06:06 How your customer feels about changes to the CEO position.

07:30 Why a founder might want to do this.

3 Key Points:

Your chances of success once you replace yourself go down tremendously

You don’t replace yourself as a founder, you are a founder for life.

Your business still has to run.




Steli: ... Boom. Hey, everybody, this is Steli Efti.

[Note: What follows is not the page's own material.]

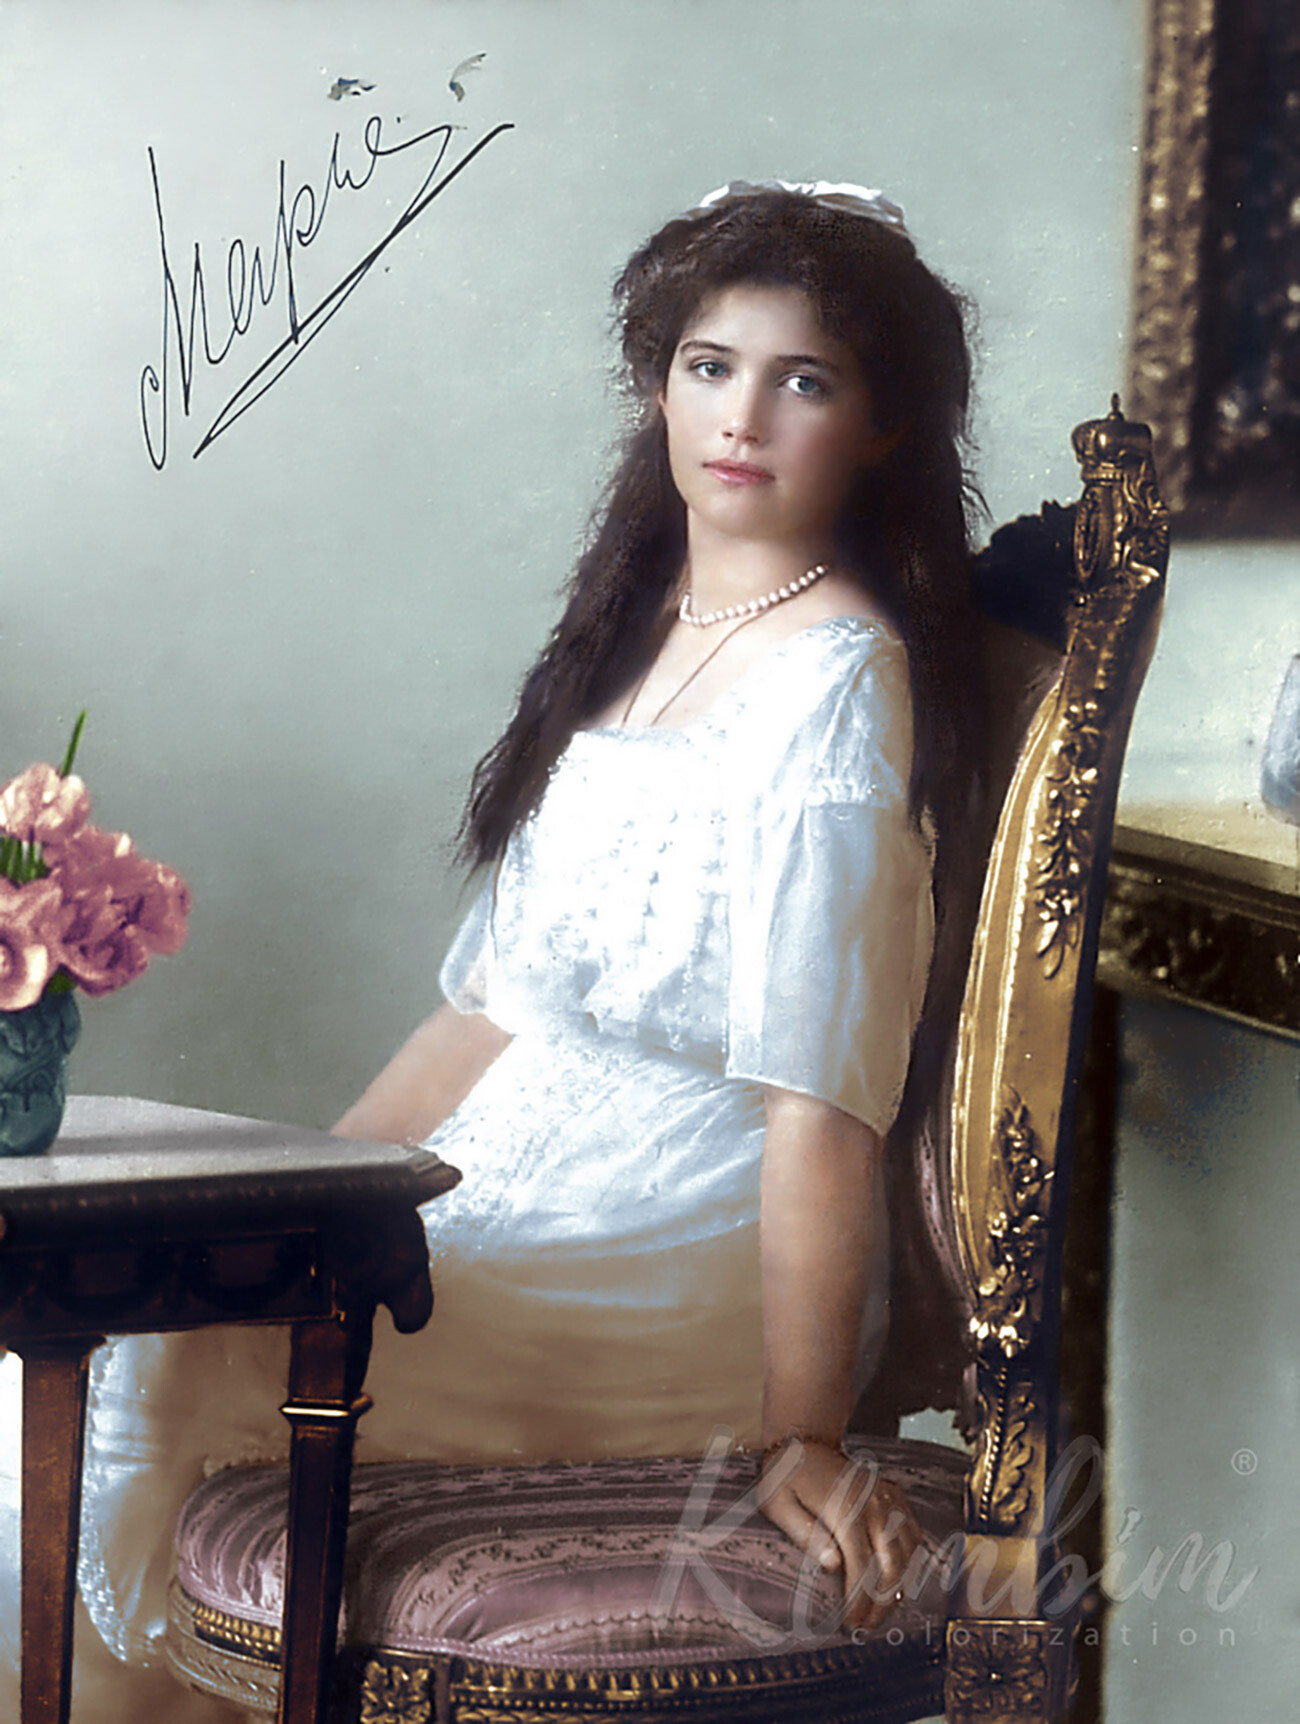 La granduchessa Marija Romanova  (1899-1918)


Hiten: And this is Hiten Shah. Today we're going to talk about one of my favorite topics. I'm just kidding. I've been through it and it sucks. The topic is replacing yourself as CEO or founder. First thing I'll say is you don't replace yourself as founder. You're a founder for life. Sorry.



Steli: Fair.



Hiten: But I want to say it because you might not be the CEO and you might try to replace yourself. So my reaction to this was very personal, and my reaction to this was, “Don't do it.” And I'm going to say why real quick and then, Steli I'm sure you'll have some thoughts. So I went through this at my company, KISSmetrics. We had just gotten through a major lawsuit after a couple of years. We had an independent board member who was in the company and we were basically considering making him CEO and we decided to do it. And, honestly, it was the worst decision I every made about a company. I was actually amicable about it. I think there were things about, ironically, sales, that I wanted to learn, and I thought this gentleman running the company as CEO would be able to help me learn those things. I was dead wrong. Nothing wrong with him. It just wasn't a good fit for our company, and I think people wanted a change. And the thing is, I never got to run the company and grow the company. I had to watch someone else try to do it. That's why I'm bringing baggage to this conversation. I rarely do, but in this case I am. The other baggage I'm bringing is when I went through this I asked many people. I asked probably like a dozen different CEOs and founders who have done this themselves and replaced themselves, and they all said, “Don't do it.”



Steli: Interesting.



Hiten: So ...



Steli: Go ahead, go ahead.



Hiten: No, no. Go ahead.



Steli: No I was like, first of all I love your honesty about this and it's great to find a topic once in a while that gets you riled up, right? Some kind of a personal experience that gets your blood boiling.



Hiten: It's worse. Steli, it's worse. I went in there again, for six months after, I don't know, two years. I was still at the company but ... Actually, I don't remember if I was still at the company.